DATA SHOWN:

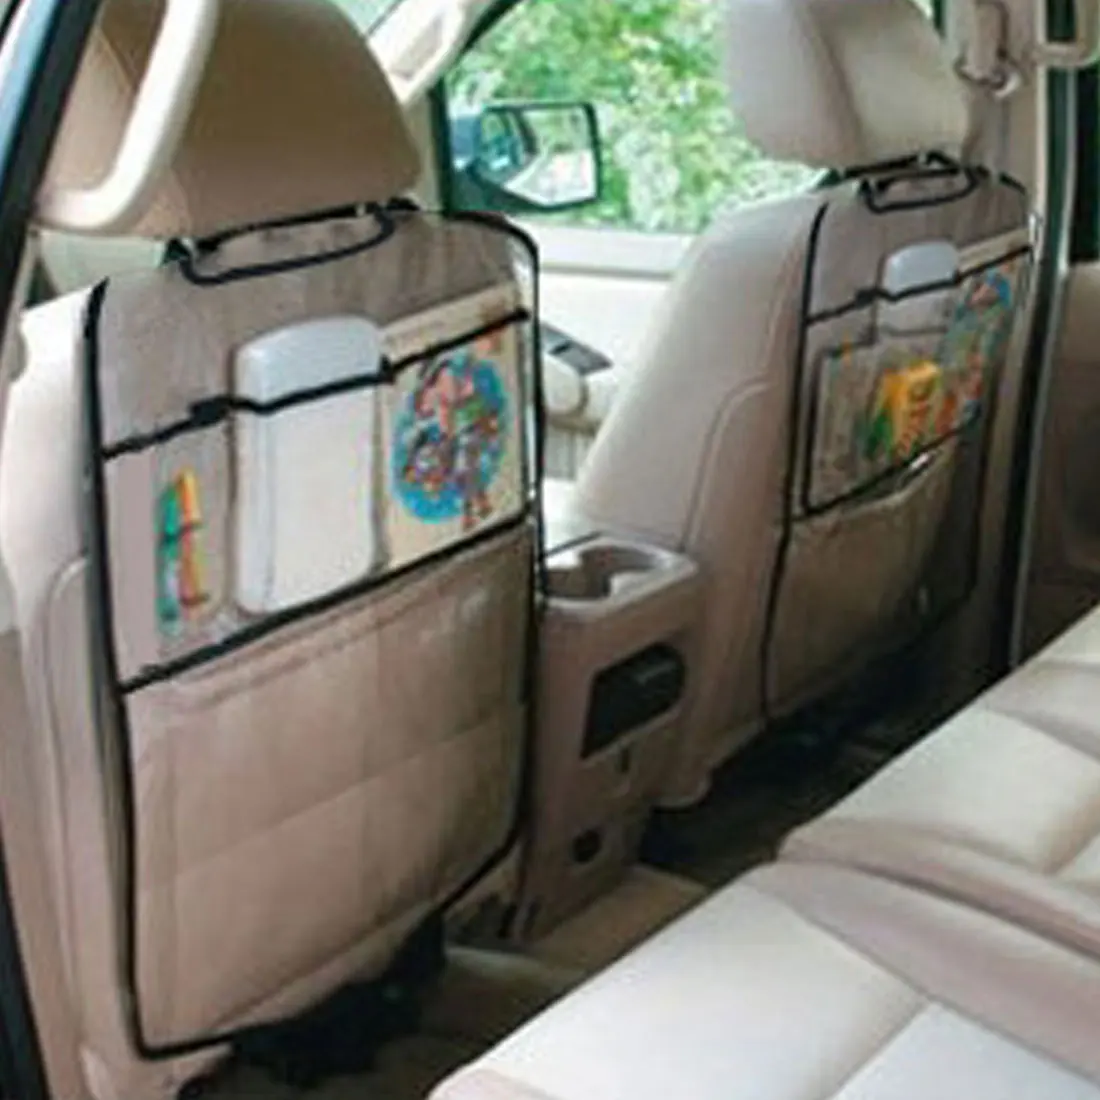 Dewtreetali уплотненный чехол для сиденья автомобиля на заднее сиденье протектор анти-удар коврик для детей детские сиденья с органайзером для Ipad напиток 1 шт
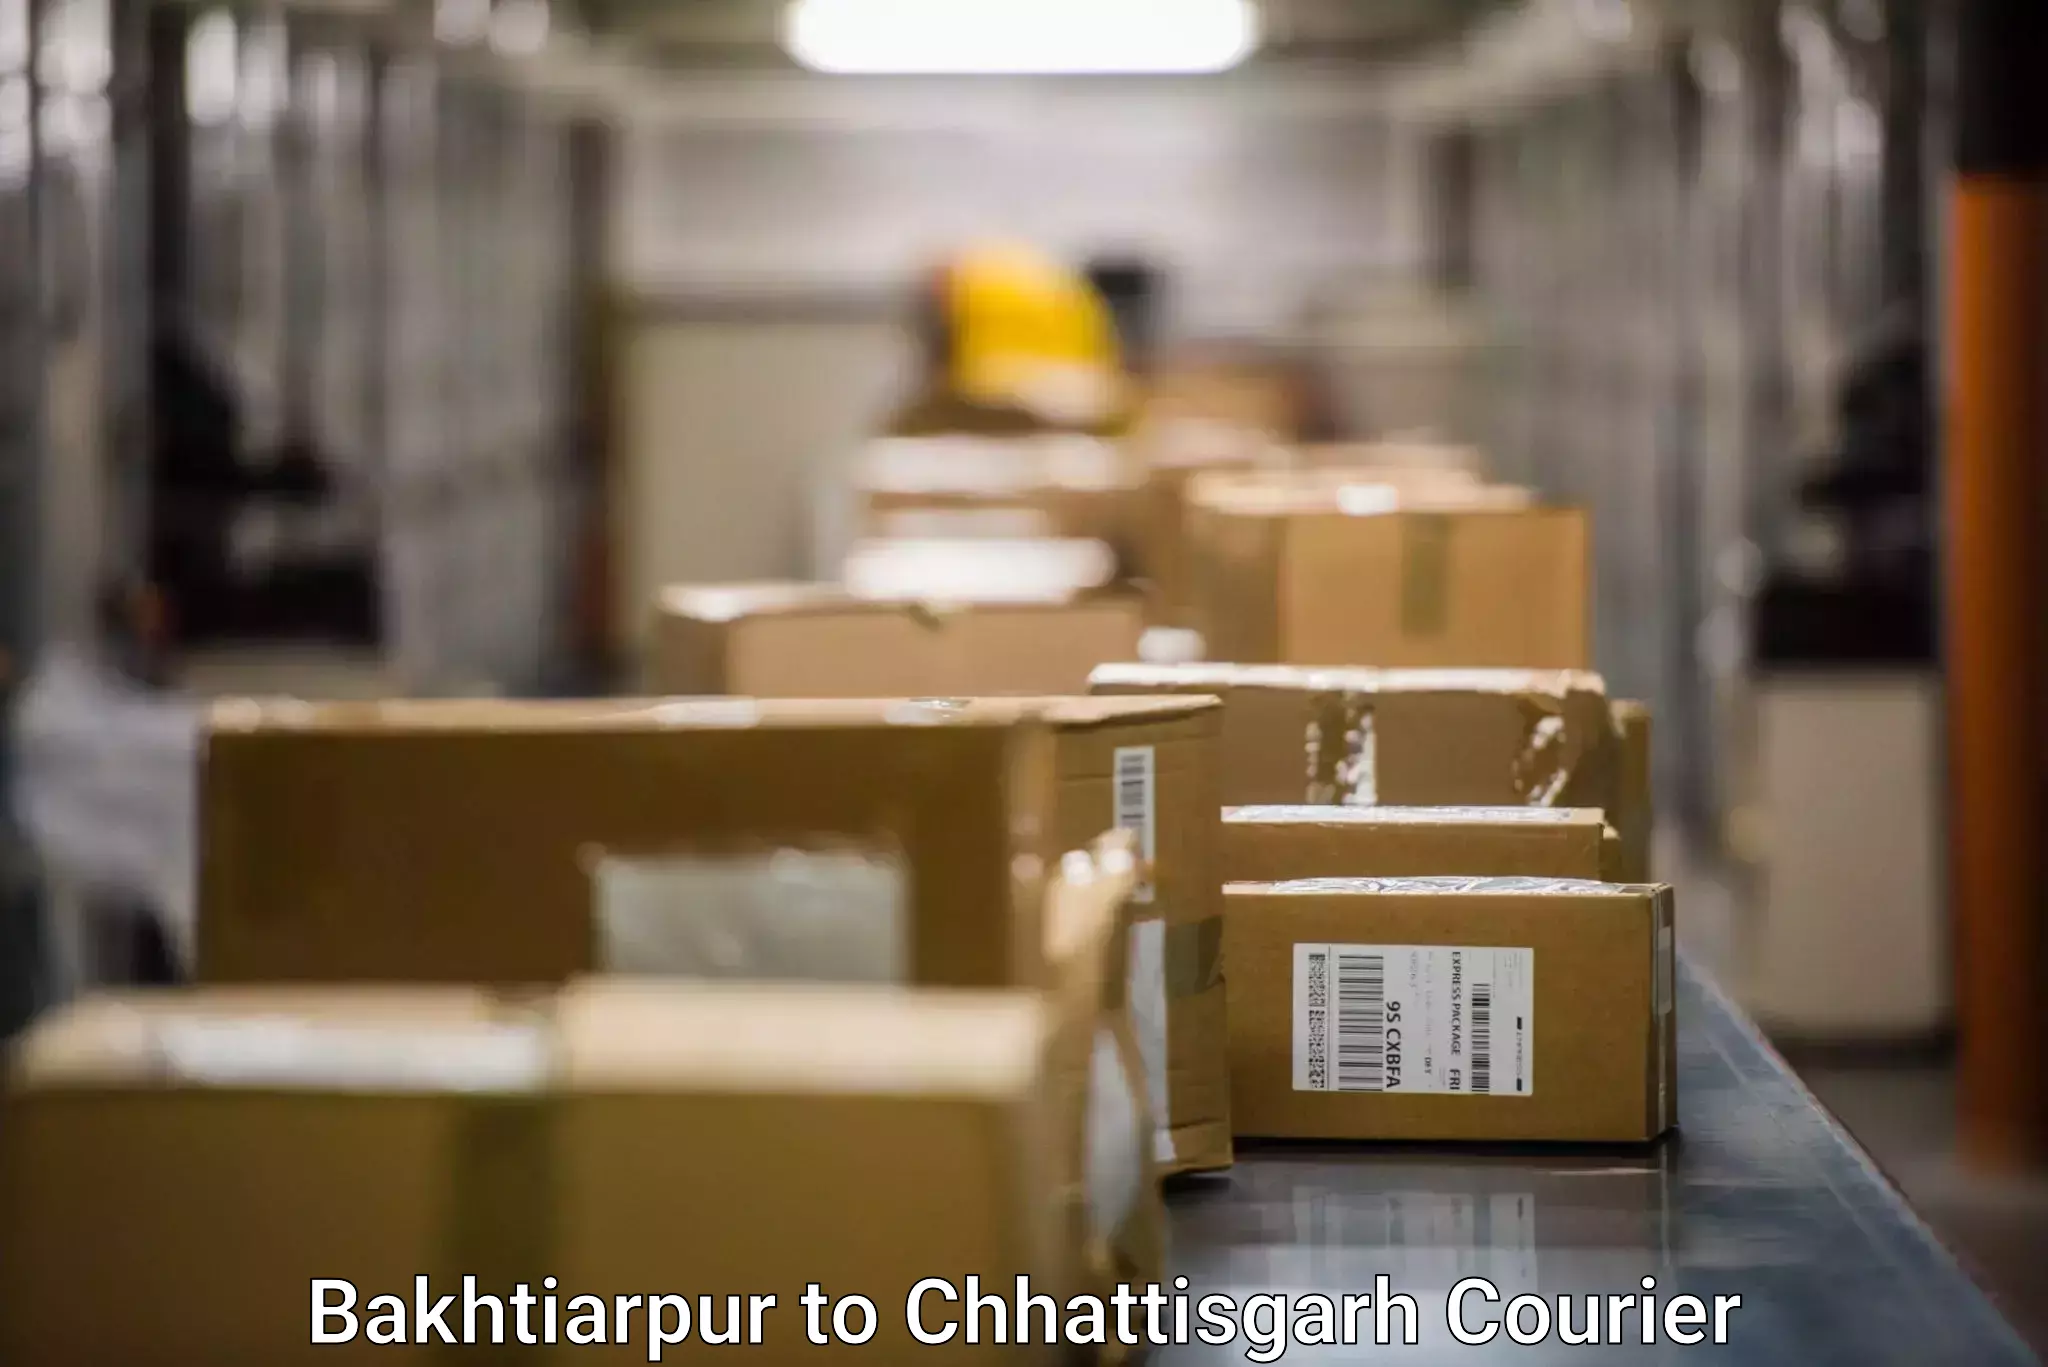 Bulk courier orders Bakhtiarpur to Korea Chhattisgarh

...

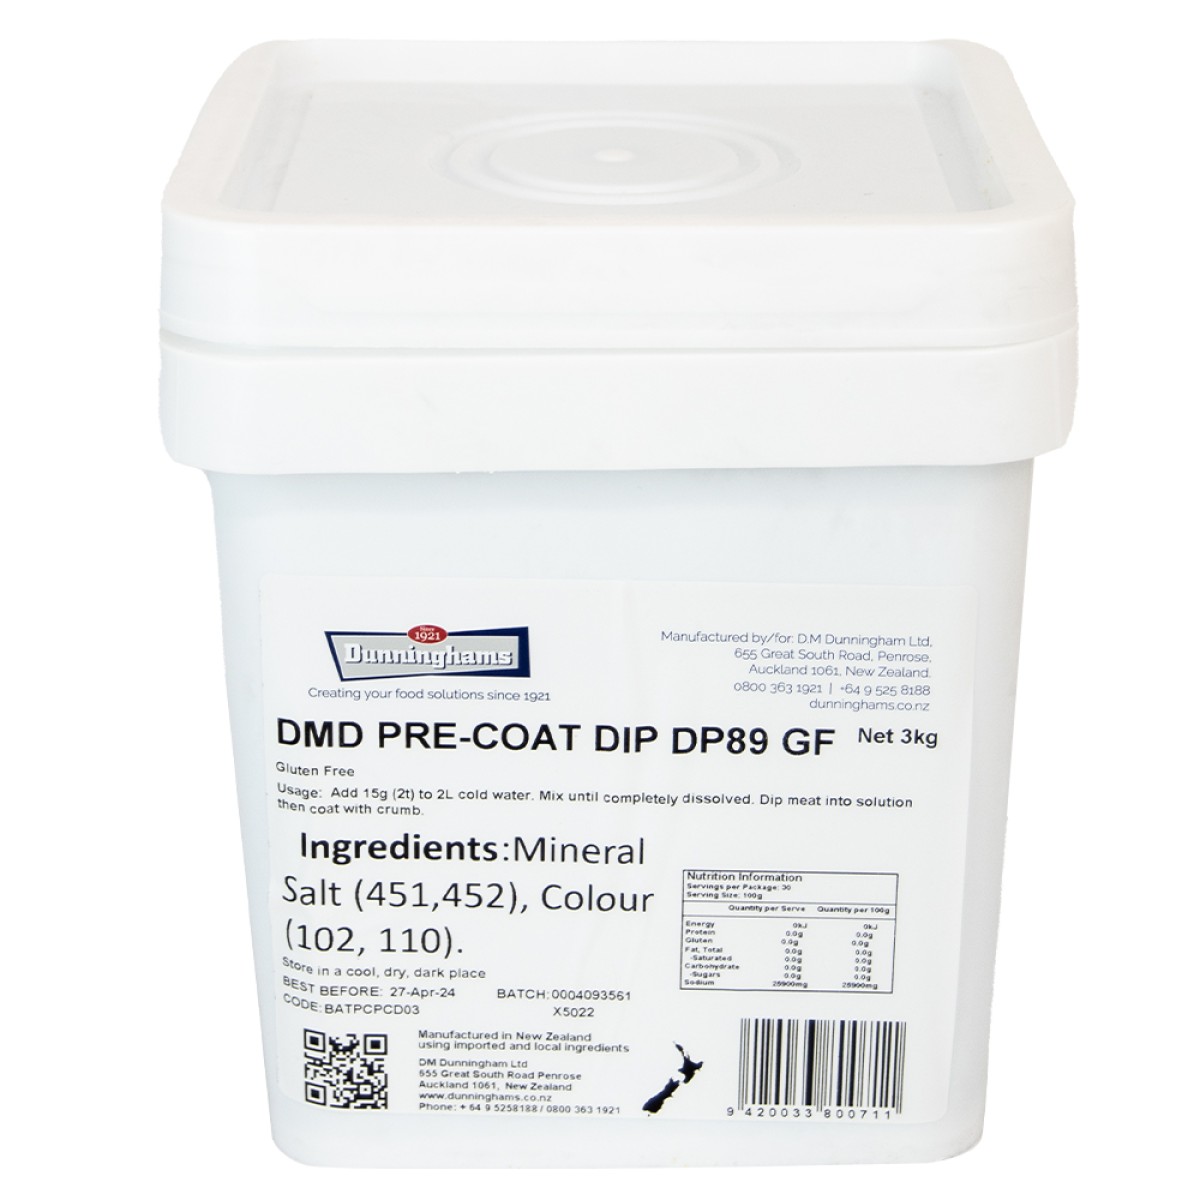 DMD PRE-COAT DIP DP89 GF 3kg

==

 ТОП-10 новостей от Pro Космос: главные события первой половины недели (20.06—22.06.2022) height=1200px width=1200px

WHAT IS REQUIRED: Take the entries above and copy exactly the lines starting at the one with "Dewtreetali уплотненный чехол" and ending at the one with "Bulk courier orders"; nothing outside that span, and no pictures.

WRITTEN ANSWER:
 Dewtreetali уплотненный чехол для сиденья автомобиля на заднее сиденье протектор анти-удар коврик для детей детские сиденья с органайзером для Ipad напиток 1 шт
 Bulk courier orders Bakhtiarpur to Korea Chhattisgarh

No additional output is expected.